1 files changed, 30 insertions, 0 deletions

diff --git a/docs/en/rst/integrating/auth-delegation.rst b/docs/en/rst/integrating/auth-delegation.rst
new file mode 100644
index 000000000..811da0d90
--- /dev/null
+++ b/docs/en/rst/integrating/auth-delegation.rst
@@ -0,0 +1,30 @@
+.. _auth-delegation:
+
+Authentication Delegation via API Keys
+######################################
+
+Bugzilla provides a mechanism for web apps to request (with the user's consent)
+an API key. API keys allow the web app to perform any action as the user and are as
+a result very powerful.
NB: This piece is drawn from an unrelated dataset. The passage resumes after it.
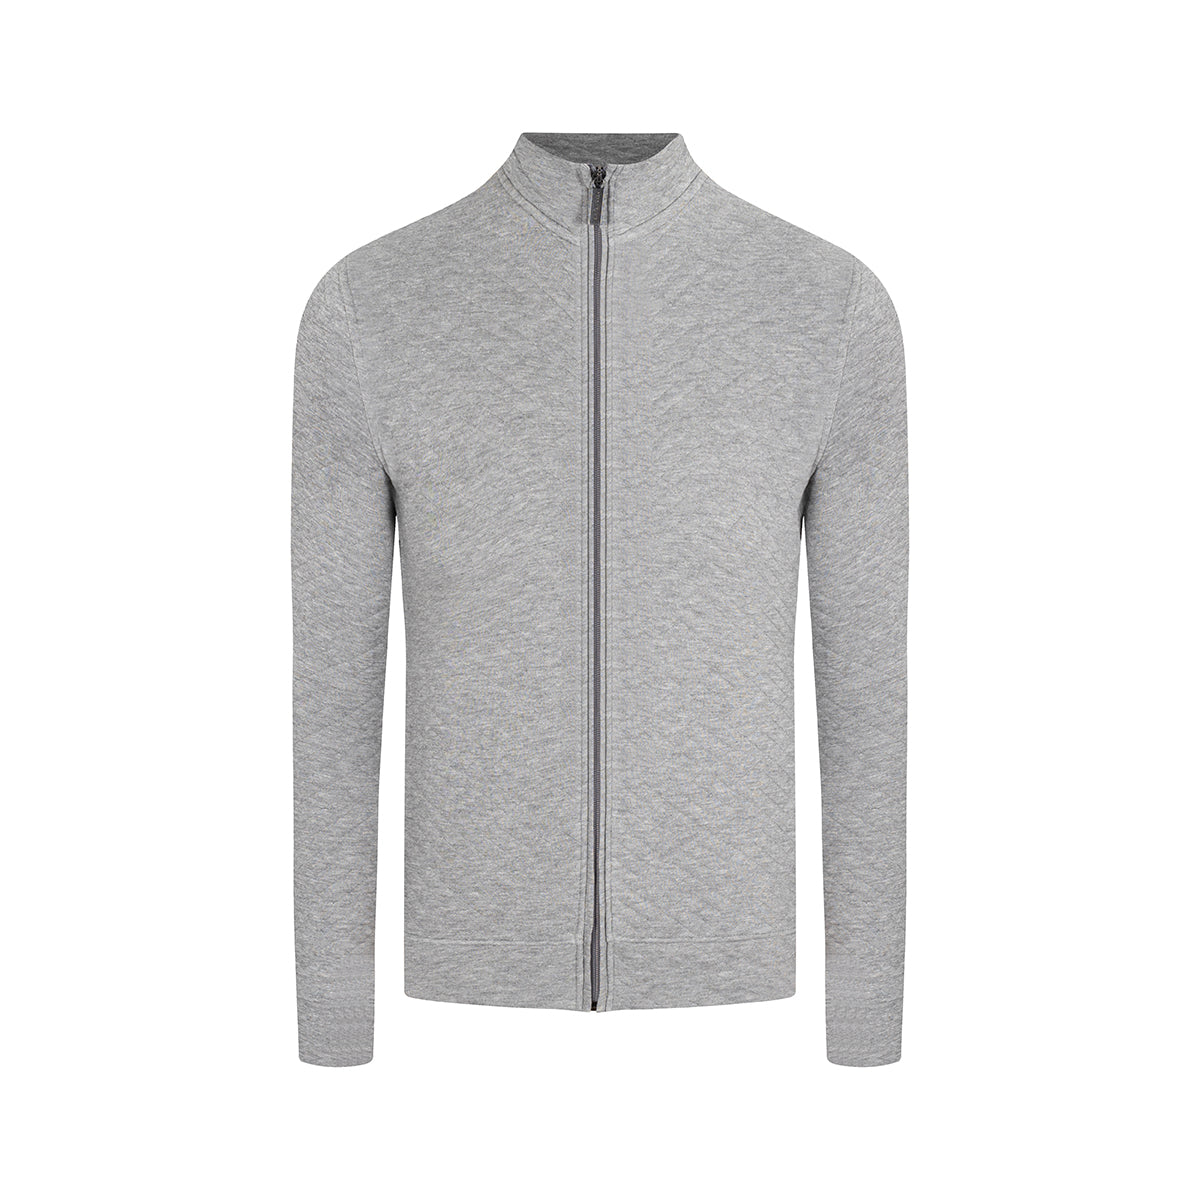 Sweater con cremallera en color gris de Perry Ellis SW00104021

Because of this power, this feature is disabled by default.
+
+Authentication Flow
+-------------------
+
+The authentication process begins by directing the user to th the Bugzilla site's auth.cgi.
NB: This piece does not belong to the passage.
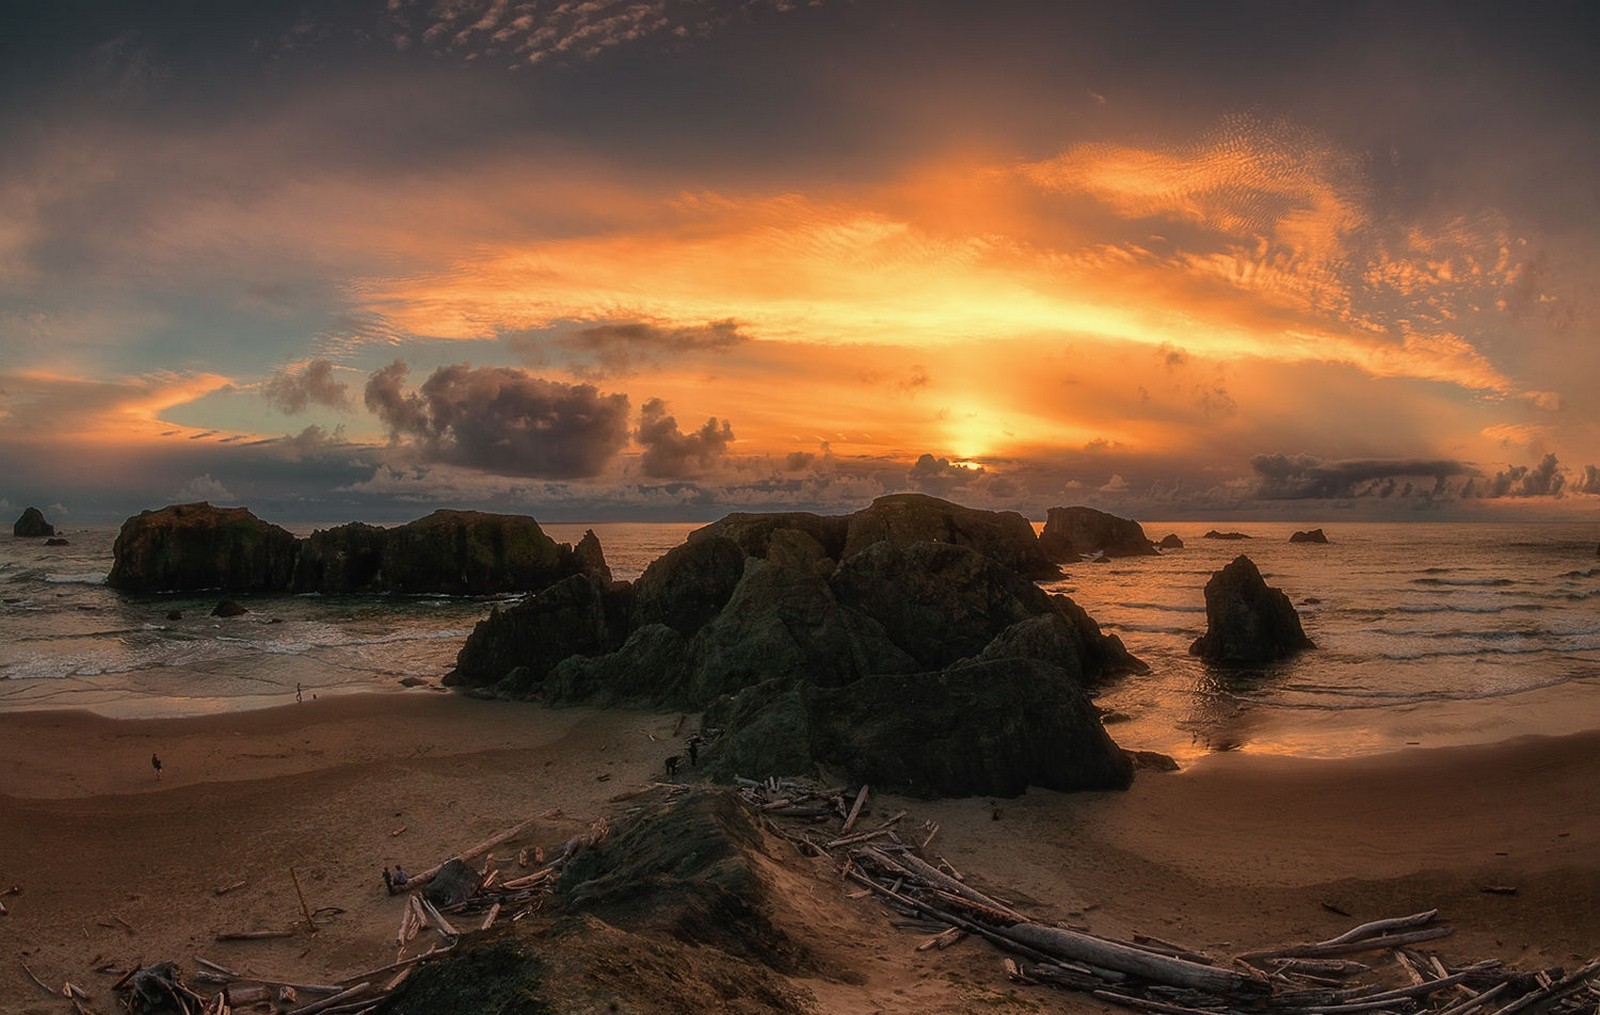 General 1600x1015 nature landscape beach sunset rocks sea sand sky sunlight clouds Oregon USA orange sky

+For the sake of this example, our application's URL is `http://app.example.org`
+and the Bugzilla site is `http://bugs.example.org`.
+
+1. Provide a link or redirect the user to `http://bugs.example.org/auth.cgi?callback=http://app.example.org/callback&description=app%description`
+2. Assuming the user is agreeable, they will be redirected to `http://app.example.org/callback` via a GET request
+   with two additional parameters: `client_api_key` and `client_api_login`.
+3. Finally, you should check that the API key and login are valid, using the :ref:`rest_user_valid_login` REST
+   resource.
+
+Your application should take measures to ensure when receiving a user at your
+callback URL that you previously redirected them to Bugzilla. The simplest method would be ensuring the callback url always has the
+hostname and path you specified, with only the query string parameters varying.
+
+The description should include the name of your application, in a form that will be recognizable to users.
+This description is used in the :ref:`API Keys tab <api-keys>` in the Preferences page.
+
+The API key passed to the callback will be valid until the user revokes it.